What if the CRA wants to audit you?
All about what happens when the Canada Revenue Agency wants to dig deeper into your tax situation.

Saving for other people's weddings
The cost of attending a wedding is so expensive these days that one blogger talks here about having a savings account just to cover the cost of attending friends' weddings. Advice to young couples: A frugal wedding benefits you, and your family and friends.

Avoid these four popular dividend stocks
Well-argued contrarian thinking on four widely owned U.S. dividend stocks.

Tales from the dark side of human nature
A woman who looks into suspicions of fraud abuse against seniors talks about some of the nasty things she's seen scammers do. Check out the story of the guy in his early 70s and his 23-year-old girlfriend.

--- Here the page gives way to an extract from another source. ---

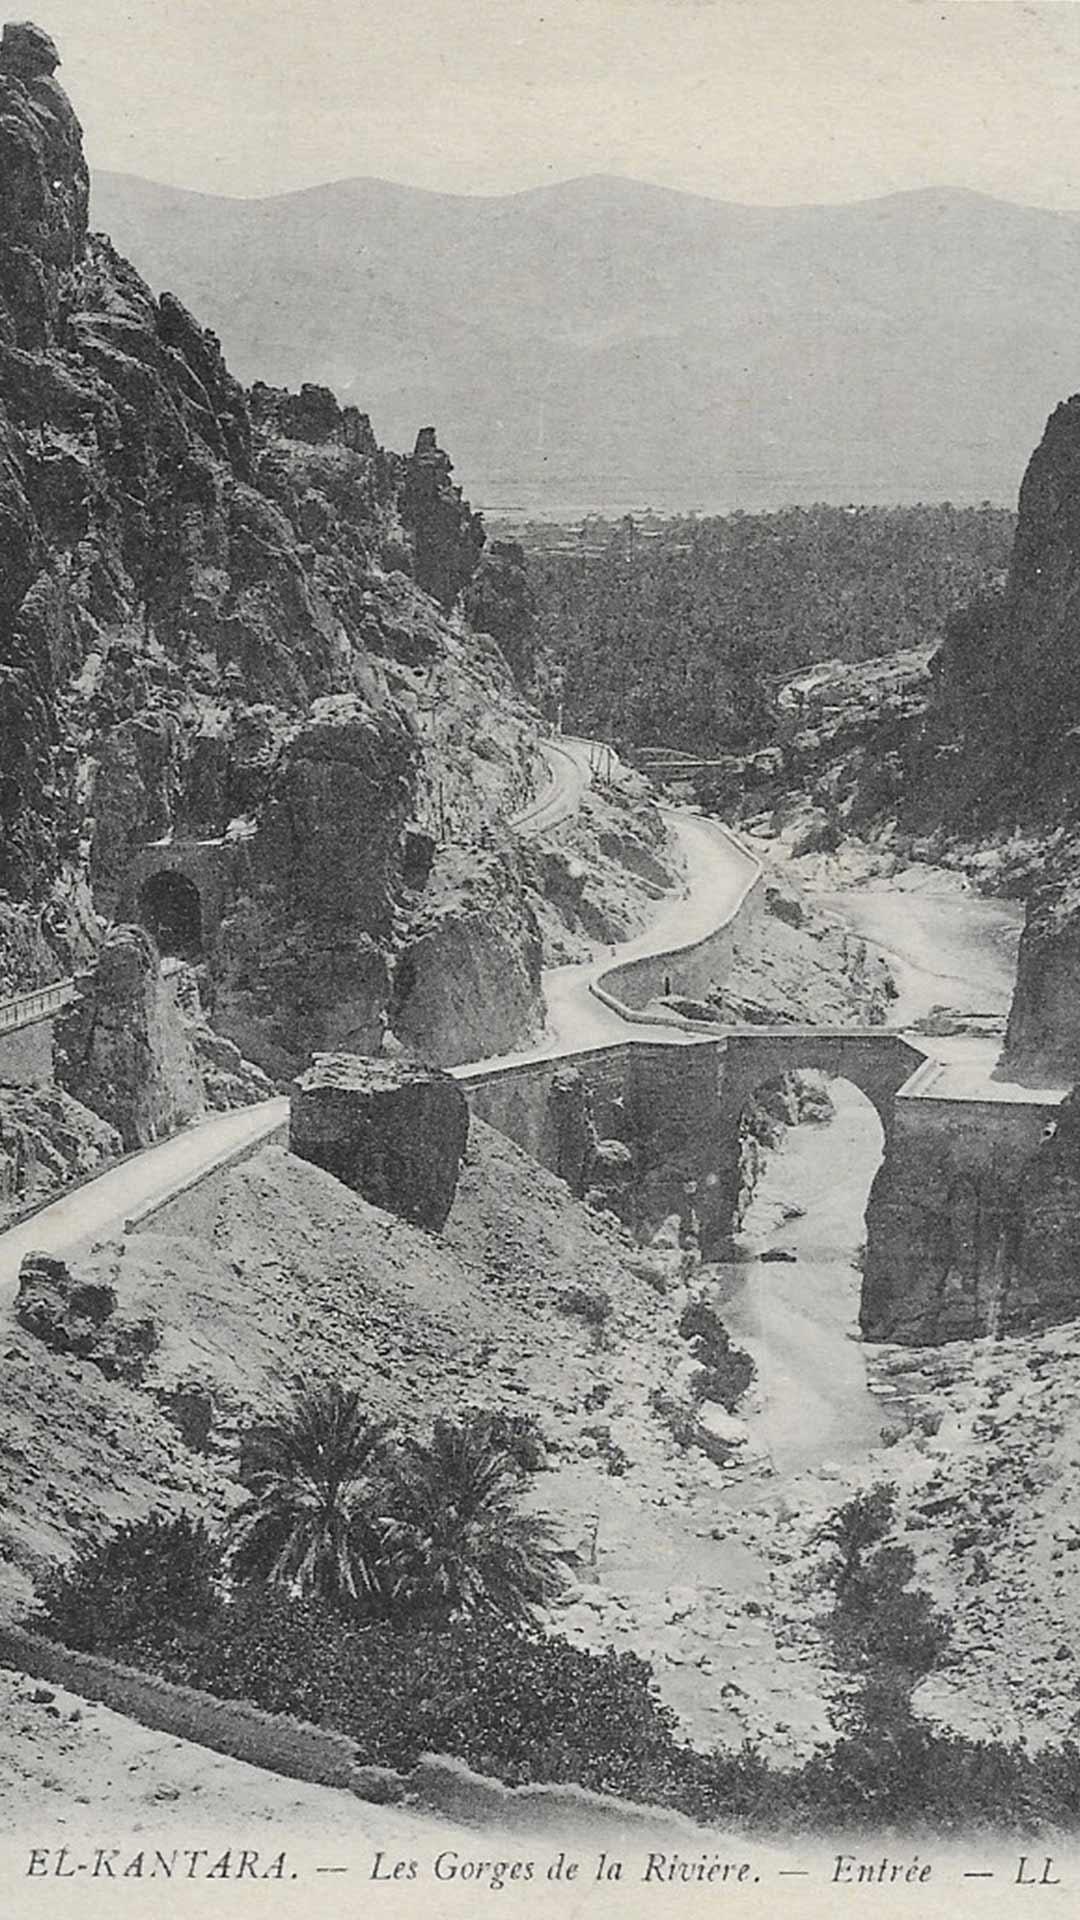 El-Kantara-Gorge

Today's featured financial tool
Figure you'll put off investing for the future and catch up later? Here's a calculator that shows the cost of delaying.

Ask Rob
The question: "Why are the corporate bonds being offered for resale by my discount broker so limited in choice and nearly completely different from the equally sparse choices from my spouse's discount broker, which are, again, quite different from the limited offerings at a third discount broker that my mother uses?"

My reply: The Canadian corporate bond market is fairly thin – not a ton of selection for investors and not a lot of trading of the bonds that are in the market. Thus, brokers all have different inventories. If you want a specific issue, try calling your broker to see if they can get it for you. Mind the yields you'll get. Brokers mark up bond prices a fair bit, and that squeezes the yields that retail investors get.

Do you have a question for me? Send it my way. Sorry I can't answer every one personally. Questions and answers are edited for length.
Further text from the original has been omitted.